E: Multiple disks and storage arrays
This can be done, but we will need enterprise grade hardware and careful sizing by an expert to compete with solution C. If not intimidated by the complexity of the setup, the price and the high power consumption, we can get impressive performance, reliability and flexibility going this way, especially if the network is 10Gpbs or better and we plan to work with Studio from multiple computers.
Studio performance will not improve noticeably when jumping from a single SSD to an array of SSDs.
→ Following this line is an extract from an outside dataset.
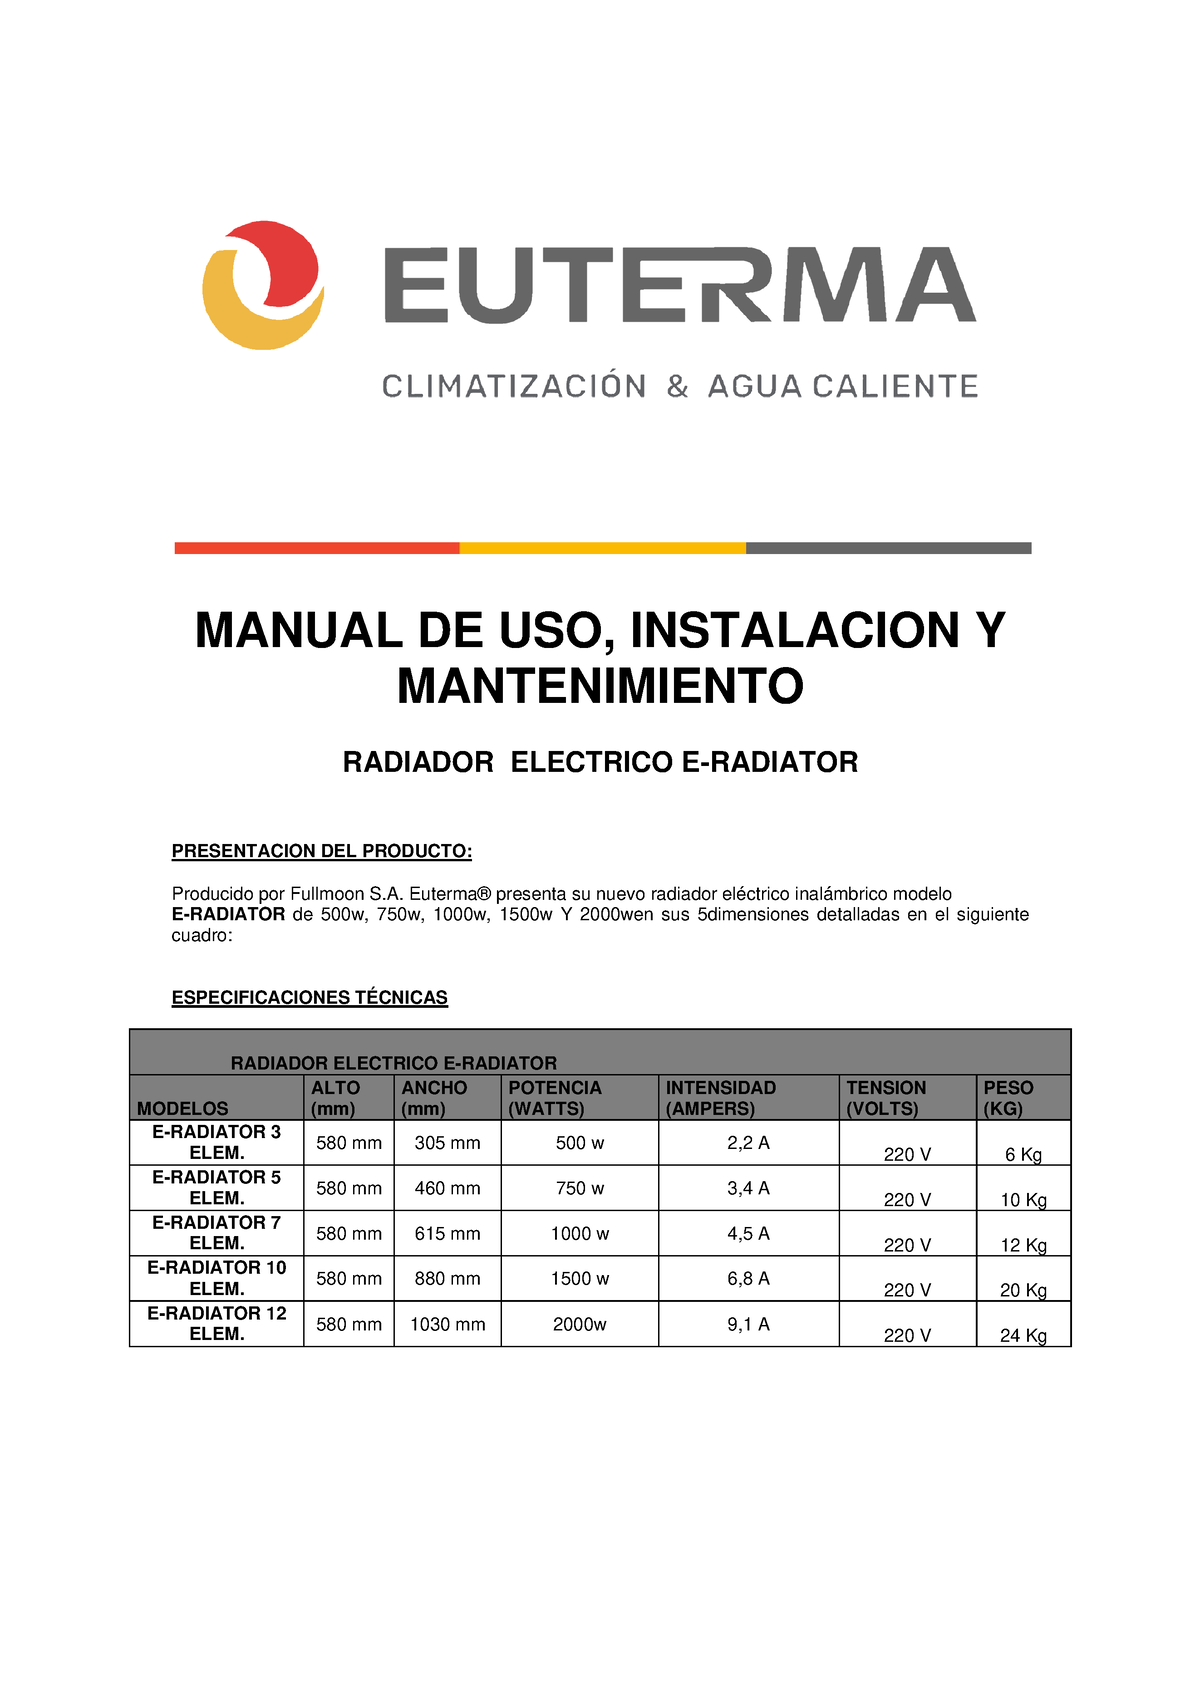 EUTERMA Radiador Electrico 750W – La Plata Clima

Consumer SSDs are not designed to be used in arrays. Let's forget about RAID options provided by mainboards lacking a dedicated controller, latency would be too high.

TROUBLESHOOTING
To anyone seeing over 5 minute loading times for very complex scenes, I recommend checking disks and  motherboard, and trying to replace the disk data cables.
Another symptom of storage worries are missing miniatures when searching the content pane, and "not responding & whiteout" after right clicking to refresh.
DAZ Studio is very sensitive to library performance and will begin to stutter well before any other program would misbehave. Files  might transfer to and from the library directory just fine, but if Studio is too slow at loading, then it's time to look for storage problems.

CONCLUSIONS
A single large SSD is going to provide the best experience with Studio, without being difficult to setup or too costly.
Of course enterprise storage can be leveraged with great success if already installed or if peculiar requirements are in place.

Post edited by GLE on

Comments

  • thenoobduckythenoobducky Posts: 68
    edited August 2021

    GLE said:

    Hello everybody.
    In this thread I will discuss aspects of storage solutions for DAZ Studio, based on my experioence with various implementations through the years.
    Please keep in mind the following conventions:
    - asset: a figure or prop complete with all its attributes, as shown in the viewport
    - item: a single file contained in the library folder, irrespective of it being a morph, a texture, a geometry baseline, a pose preset, etc.

    GENERAL CONSIDEDRATIONS
    Like most programs, the performance of DAZ Studio will depend on the underlying hardware. This is also true for the storage subsystem: throwing more hardware at the problem will eventually fix it.
    The good news is that as of today, we don't need fancy enterprise grade storage solutions to make Studio snappy.
    What most of us see when we look at our Studio libraries is the space required to hold it. That's easy to measure.
    What we don't consider is the distribution of files in the library and what Studio does when it loads an asset, especially a figure with many morph dials available (even if they are not dialed).
    In a typical library, textures will make up the bulk of occupied space. Geometries and morph delta files will be numerous, but their size is going to be negligible.
    When an asset is loaded, Studio needs to read all the relevant items in order to make it appear in the viewport. Therefore Studio will read a lot of small files (geometries), and a few large files (textures).

    Only on the first time a figure is loaded and any other subsequent time the underlying files have changed. Daz cache results in a single file (by default on C drive which hopefully should be your fastest drive). The cache contains mainly formulas from the small files. 

    Geometry data are only loaded on demand. Daz checks the timestamp of files for changes. If the file was changed, Daz will rebuild the cache, incurring an additional length read process and lengthy write process. Frequently installing/removing items might actually make things go slower.

    A faster drive would still benefit for the timestamp check step, but not nearly as much. 

    Also, geometries files can actually be huge for HD morphs, but it also depends on if it is compressed or not. Data file contain a lot of misc items that can take up a bunch of rooms.

    Also when we're browsing the library, the content pane will need to list all compatible files in each folder and load all the miniature icons, so while browsing we're always requesting many small files. The same scenario applies when we're performing "Content DB Maintenance".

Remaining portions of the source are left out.